Novità Regime Forfettario 2018 dopo l’approvazione del DEF

Ma è importante che tu sappia che con il DEF del 2018 sono cambiati alcuni aspetti del Regime Forfettario, rendendolo ancora più conveniente sotto diversi aspetti.
Il primo cambiamento introdotto dal nuovo DEF stanno nella soglia dei guadagni prefissati per le attività. Per ogni tipo di attività è fissato una soglia massima di guadagno, oltre la quale puoi eccedere al massimo per il 50%. Una buona novità, considerando che nel precedente Regime Forfettario il guadagno massimo era fissato a 30mila euro, a prescindere dal tipo di attività.
Un’altra novità è la possibilità di avere collaboratori nella propria azienda (mentre nel precedente non era concesso). Puoi avere collaboratori per i quali però non puoi spendere oltre i 5000€ lordi l’anno.

Sono cambiate anche le regole riguardanti i beni strumentali. Prima non potevi entrare nel Regime Forfettario se nei tre anni precedenti avevi investito 15mila euro di capitale in beni strumentali. Adesso puoi entrare nel Regime Forfettario a prescindere dagli investimenti precedenti, a patto però che il valore attuale totale dei beni strumentali non superi i 20mila euro. Questo valore non comprende gli immobili dell’attività e gli strumenti il cui costo è inferiore a 516,45€.

Il nuovo Regime Forfettario introduce delle importanti agevolazioni a livello fiscale. Il nuovo tassabile è calcolato su questa operazione compensi moltiplicato il coefficiente di redditività.
Sulla base di queste calcolo si impone solo un’imposta pari al 15%, che esclude tutte le altre tasse statali, oltren alle tasse comunali e regionali.
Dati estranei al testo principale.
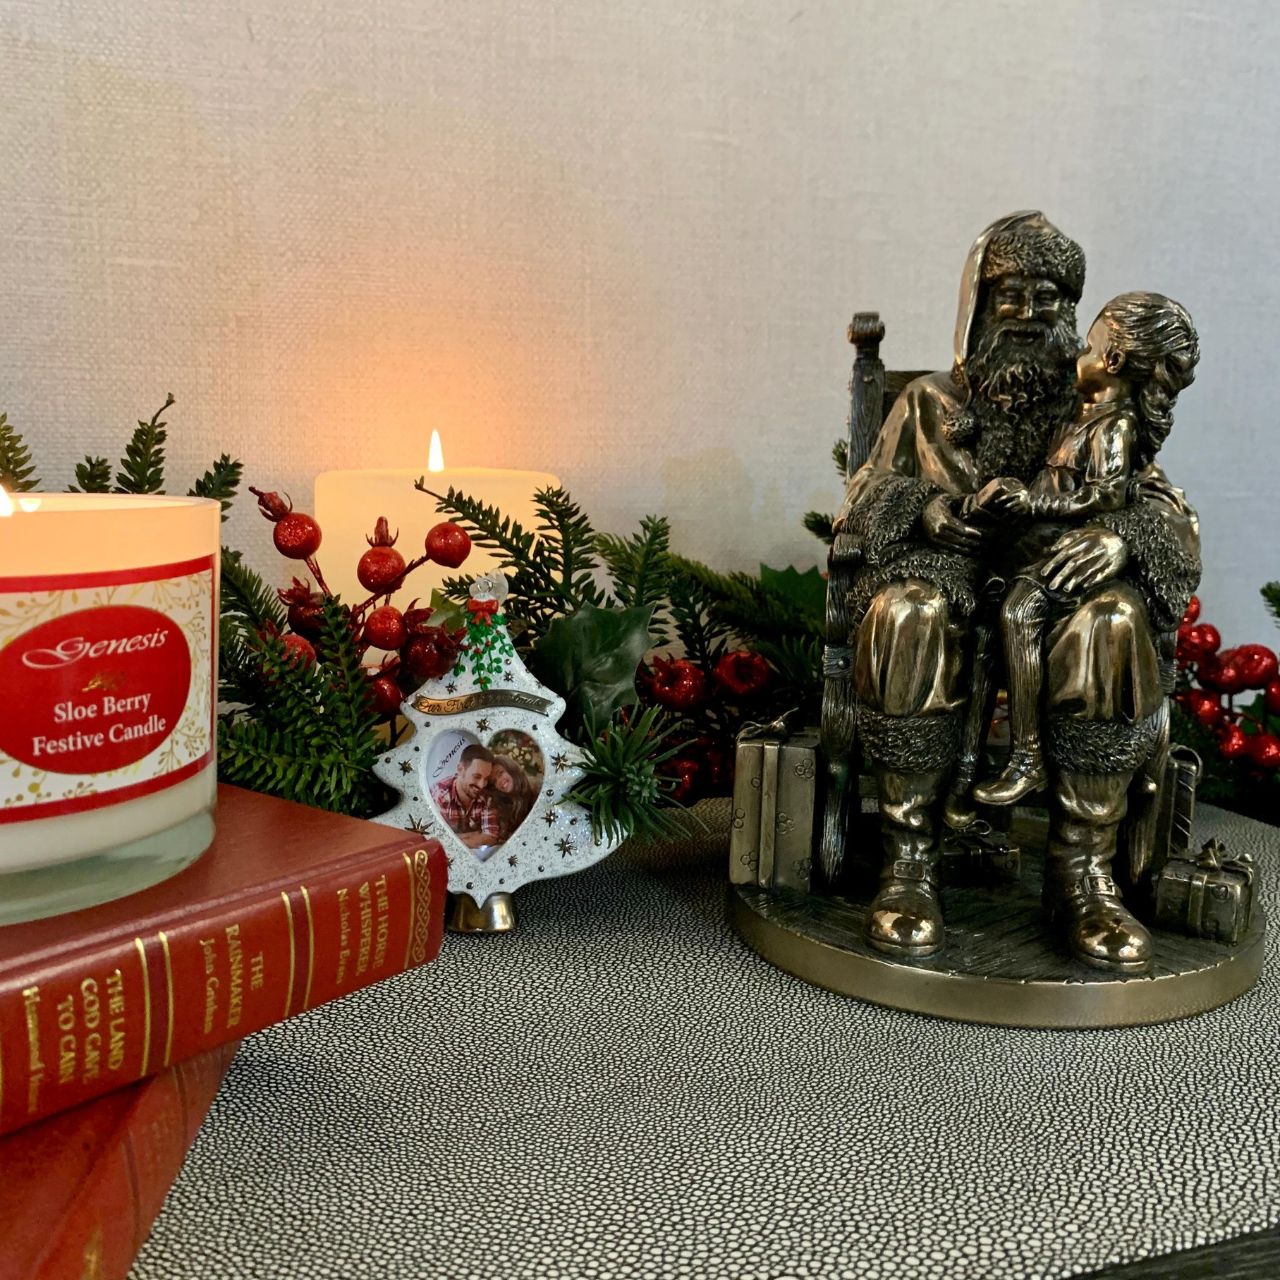 Visit to Santa by Genesis  Bring the magic of Christmas to your home this festive season. - Genesis Bronze Christmas Ornament depicting a little girl's visit to Santa. - This beautifully crafted sculpture would make a wonderful gift.

Un’altra novità sul pagamento delle tasse sta in questo: se hai iniziato l’attività in maniera autonoma e non sei stato proprietario di altre attività nei 3 anni precedenti, si impone l’aliquota al 5% invece che del 15%, e l’imponibile si riduce di un terzo, per i primi 5 anni di attività. Infine, per quanto riguarda i tuoi obblighi verso lo Stato, devi conservare i documenti di acquisito della merce. Le fatture possono essere fatto in formato elettronico e non deve essere l’IVA nelle fatture dirette a paesi in black-list (cioè soggetti a trattamento fiscale agevolato).